## Raw data
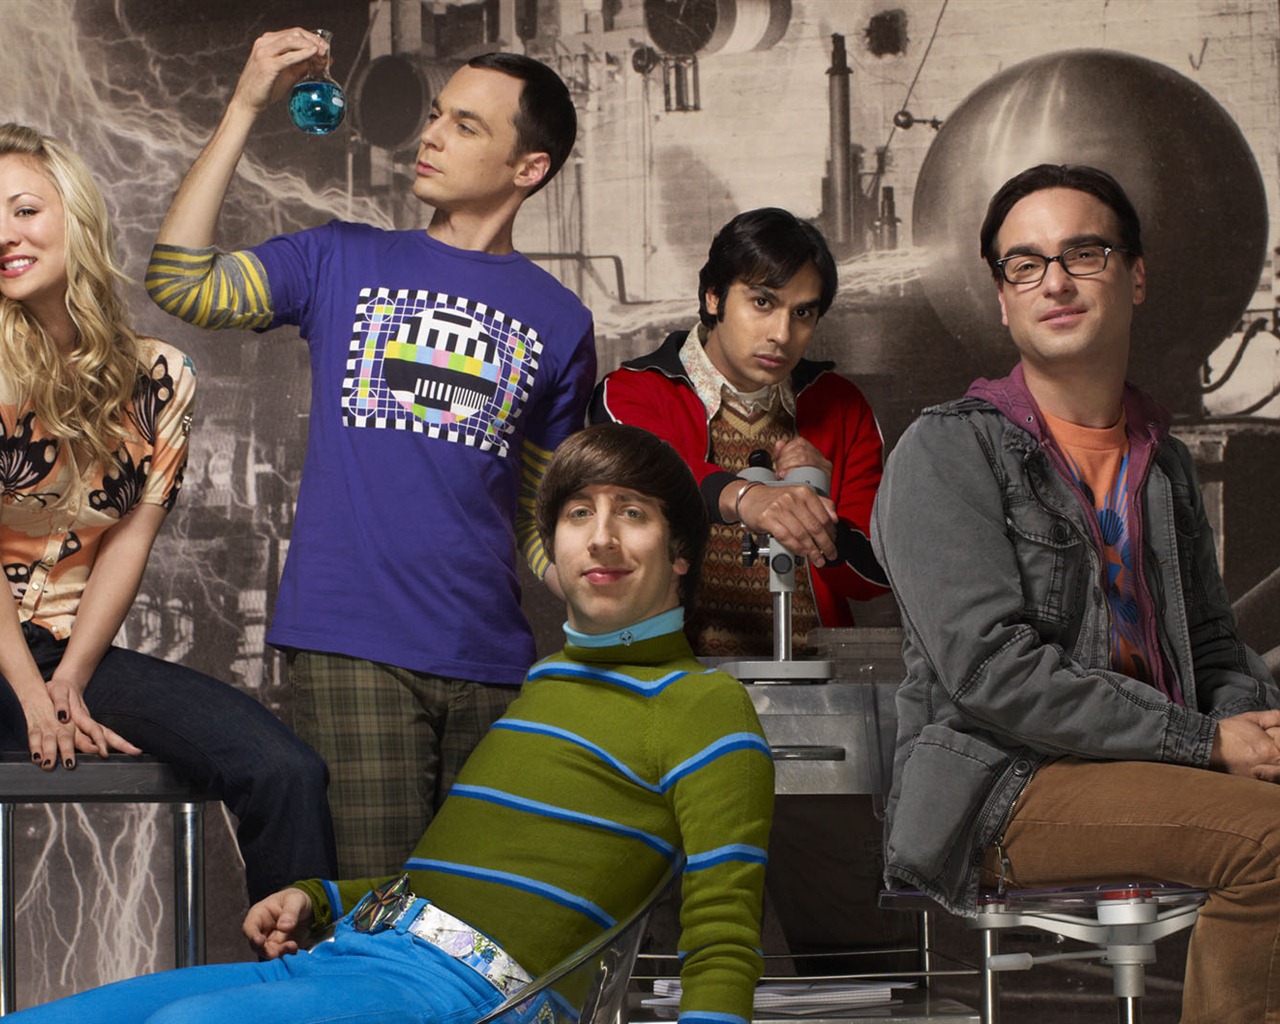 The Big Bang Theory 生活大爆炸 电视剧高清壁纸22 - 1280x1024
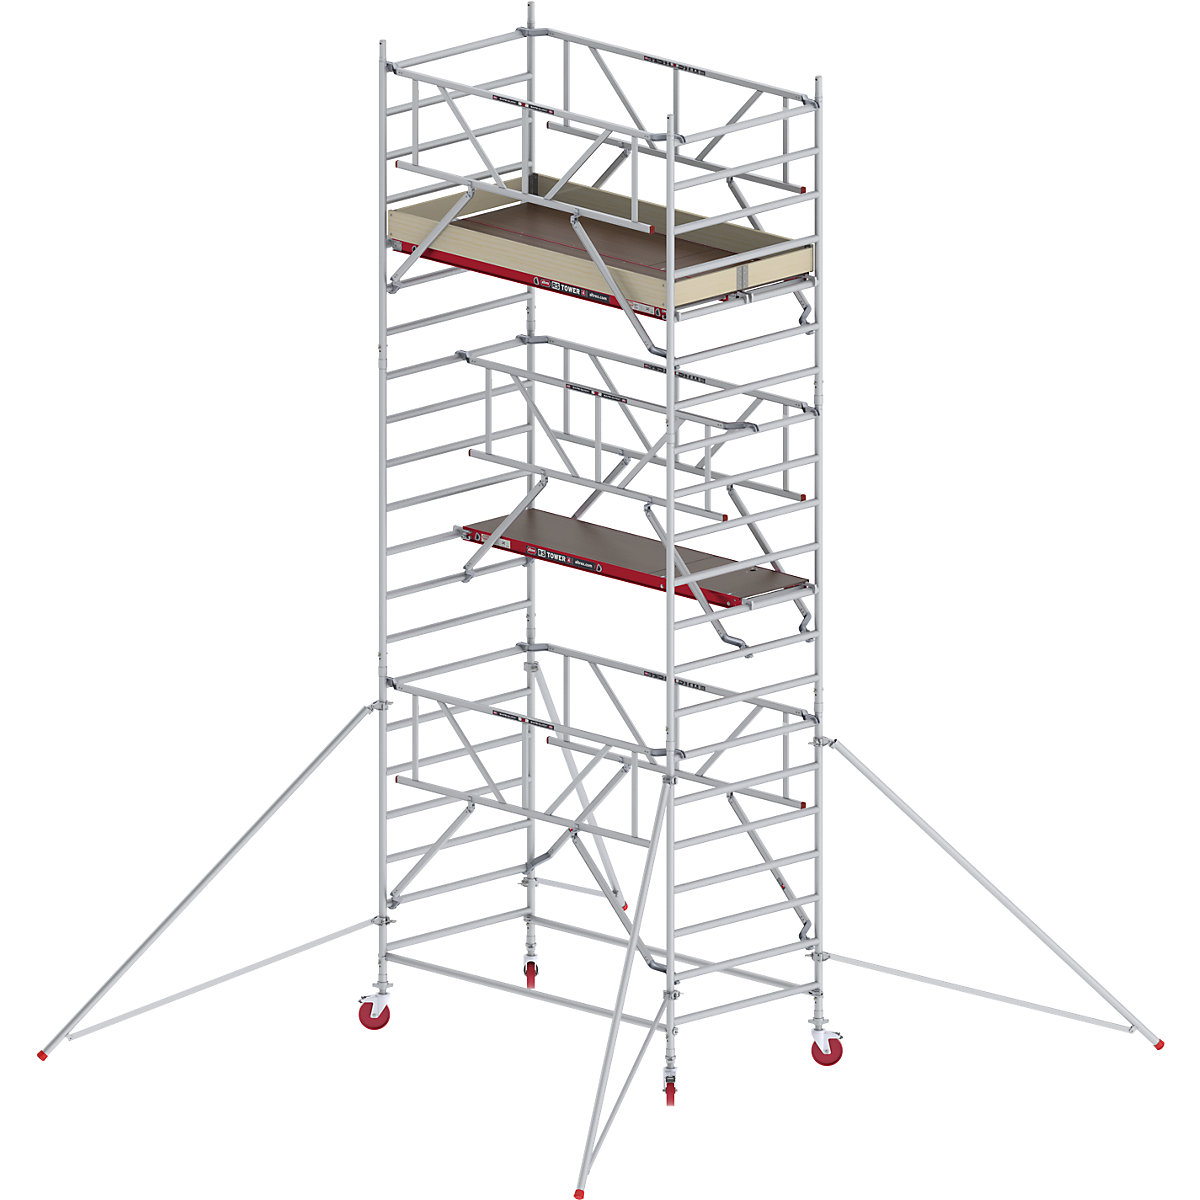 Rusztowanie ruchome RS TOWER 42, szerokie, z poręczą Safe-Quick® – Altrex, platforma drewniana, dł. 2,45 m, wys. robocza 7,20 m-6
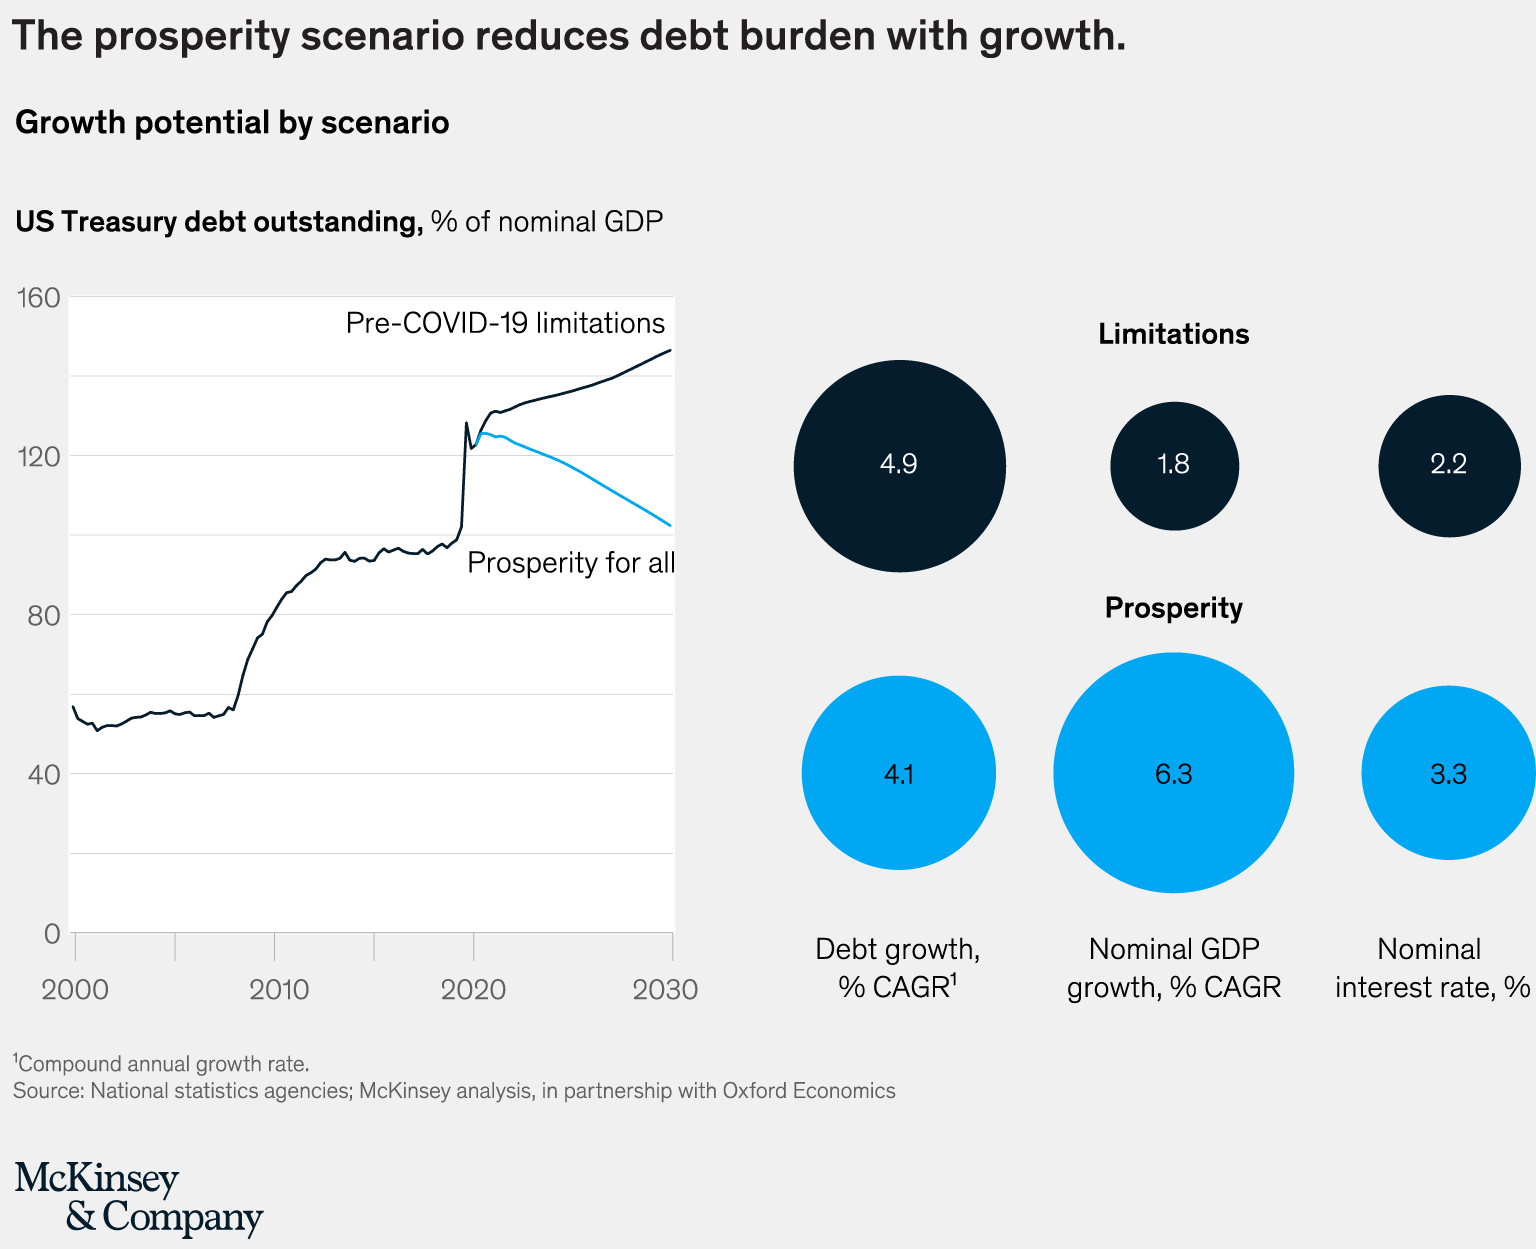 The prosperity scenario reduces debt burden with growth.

...

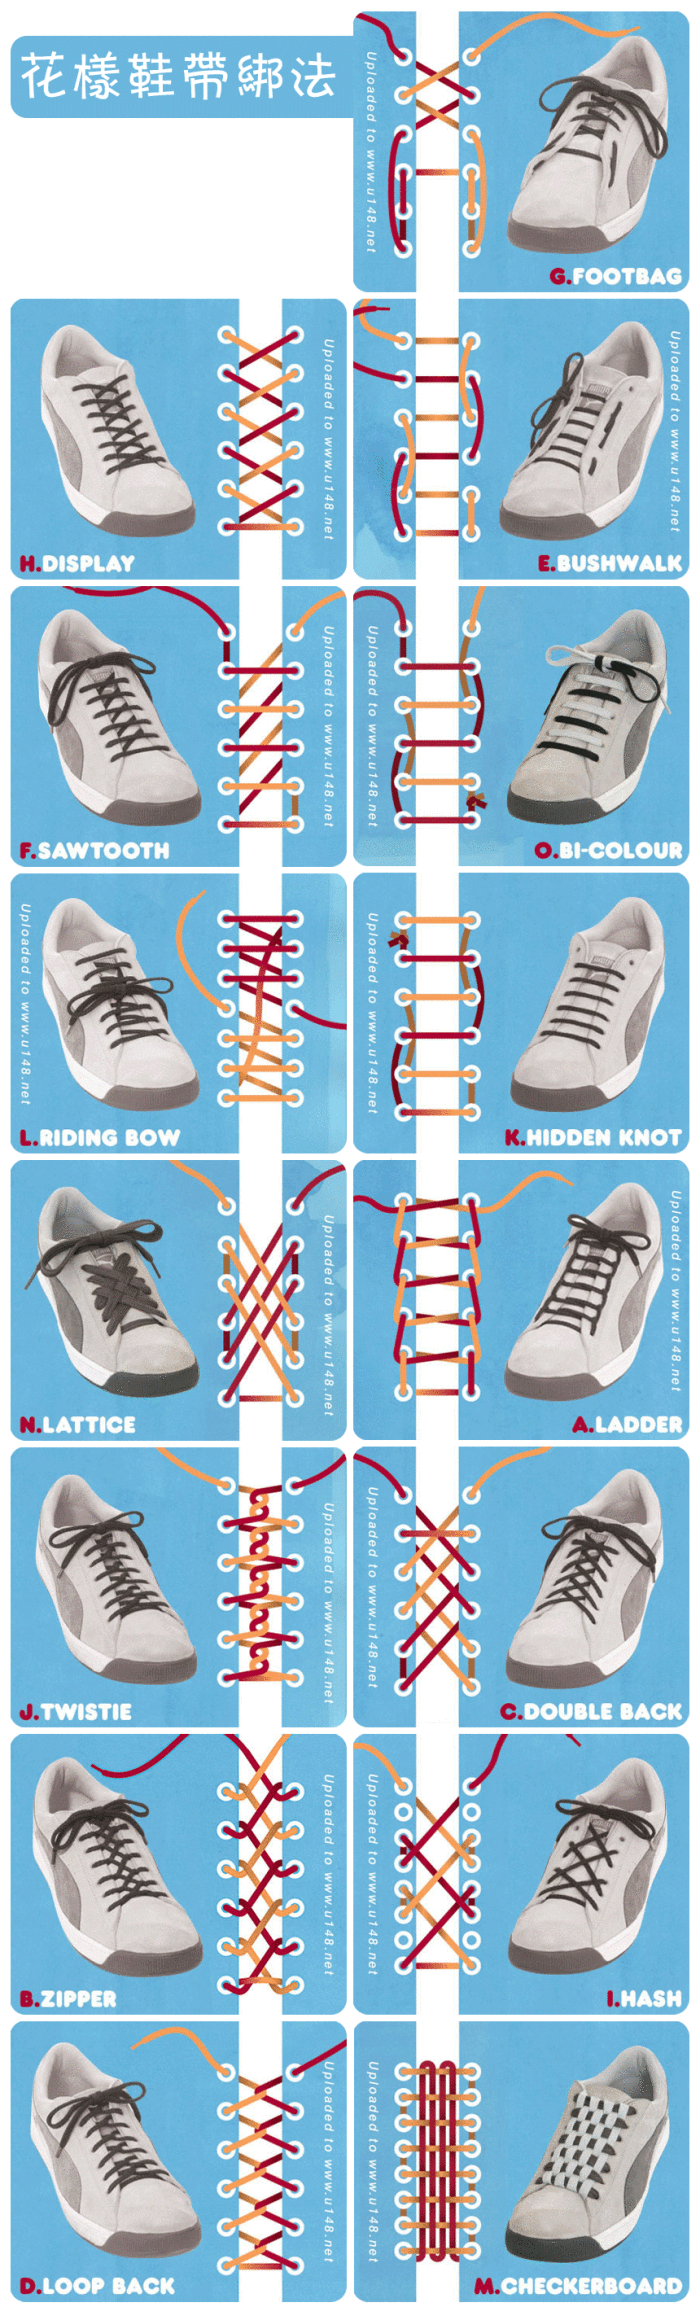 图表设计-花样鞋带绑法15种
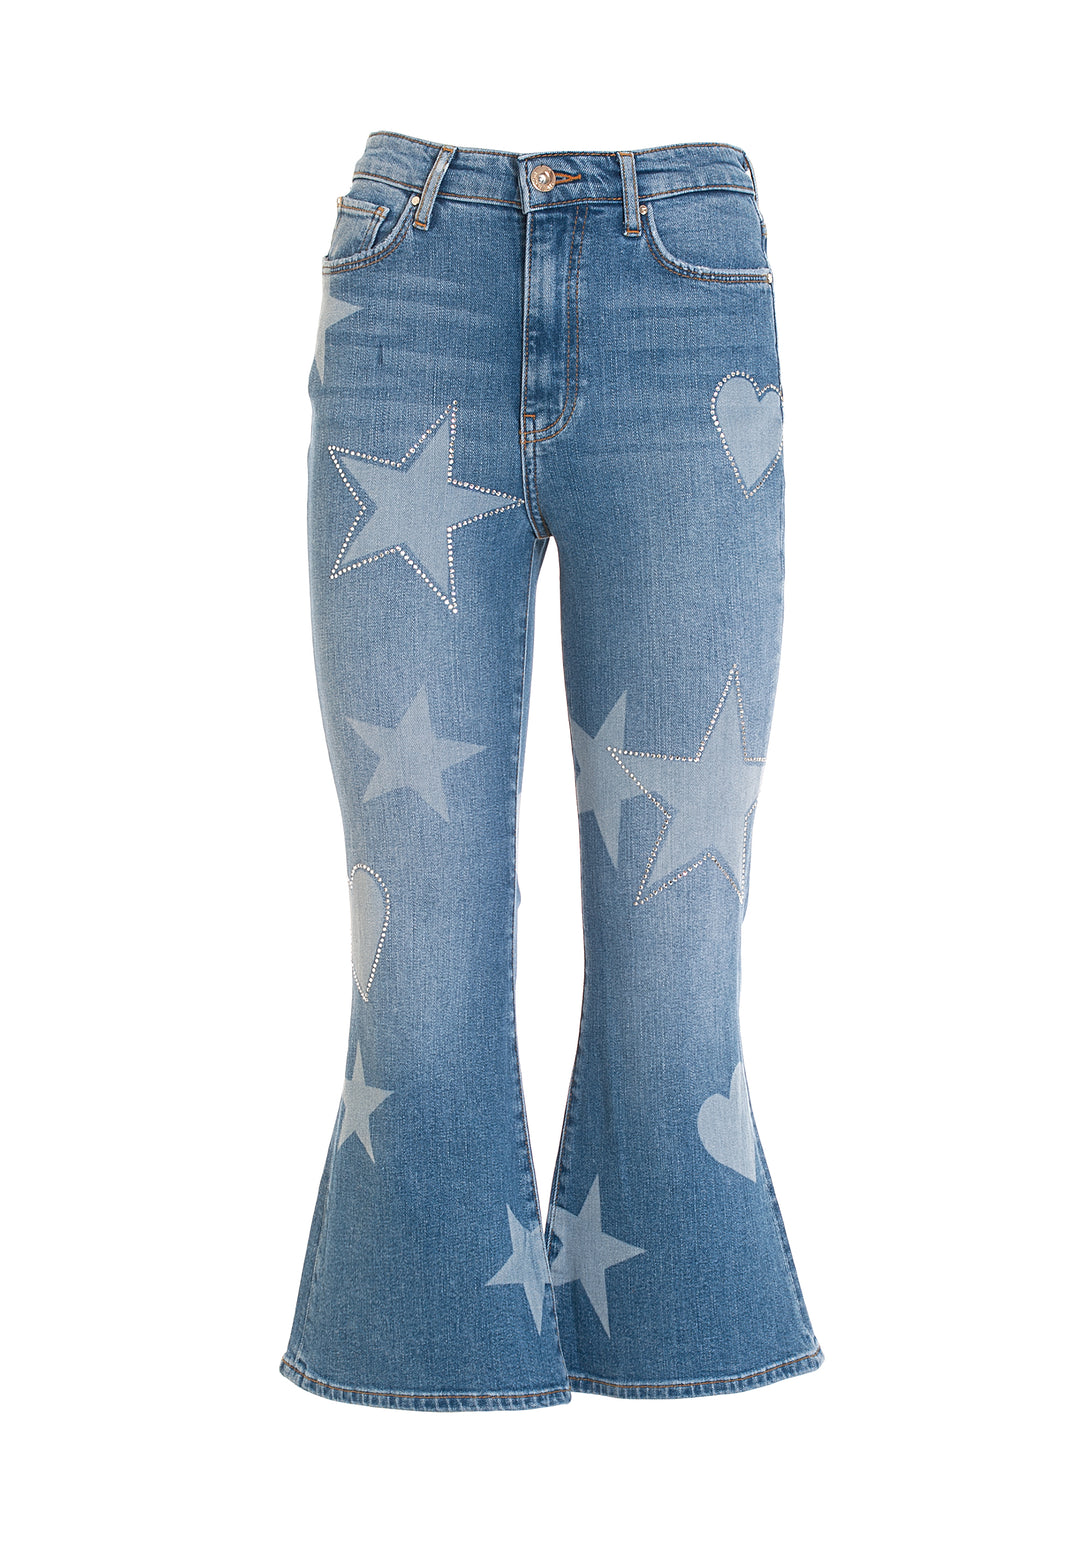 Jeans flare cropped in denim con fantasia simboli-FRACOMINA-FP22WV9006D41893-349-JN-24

==

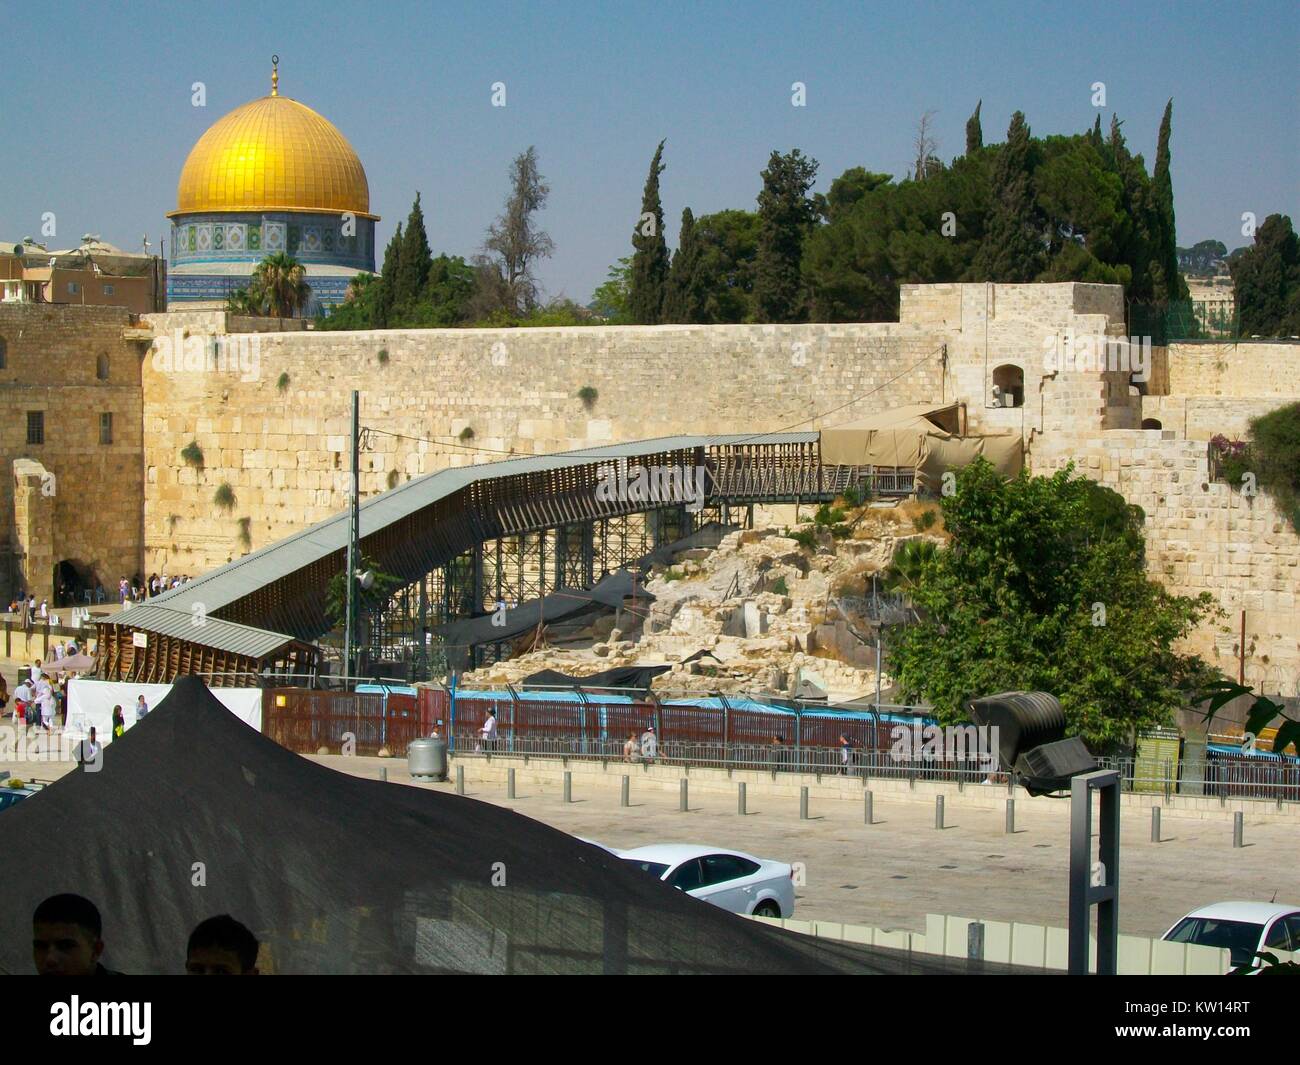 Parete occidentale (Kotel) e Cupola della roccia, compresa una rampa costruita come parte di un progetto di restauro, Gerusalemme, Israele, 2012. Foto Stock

## Work task
Among the entries above, find the line with "图表设计-花样鞋带绑法15种" and repeat exactly from there through the line with "Jeans flare cropped", leaving out the pictures.

## Finished exercise
 图表设计-花样鞋带绑法15种
 Jeans flare cropped in denim con fantasia simboli-FRACOMINA-FP22WV9006D41893-349-JN-24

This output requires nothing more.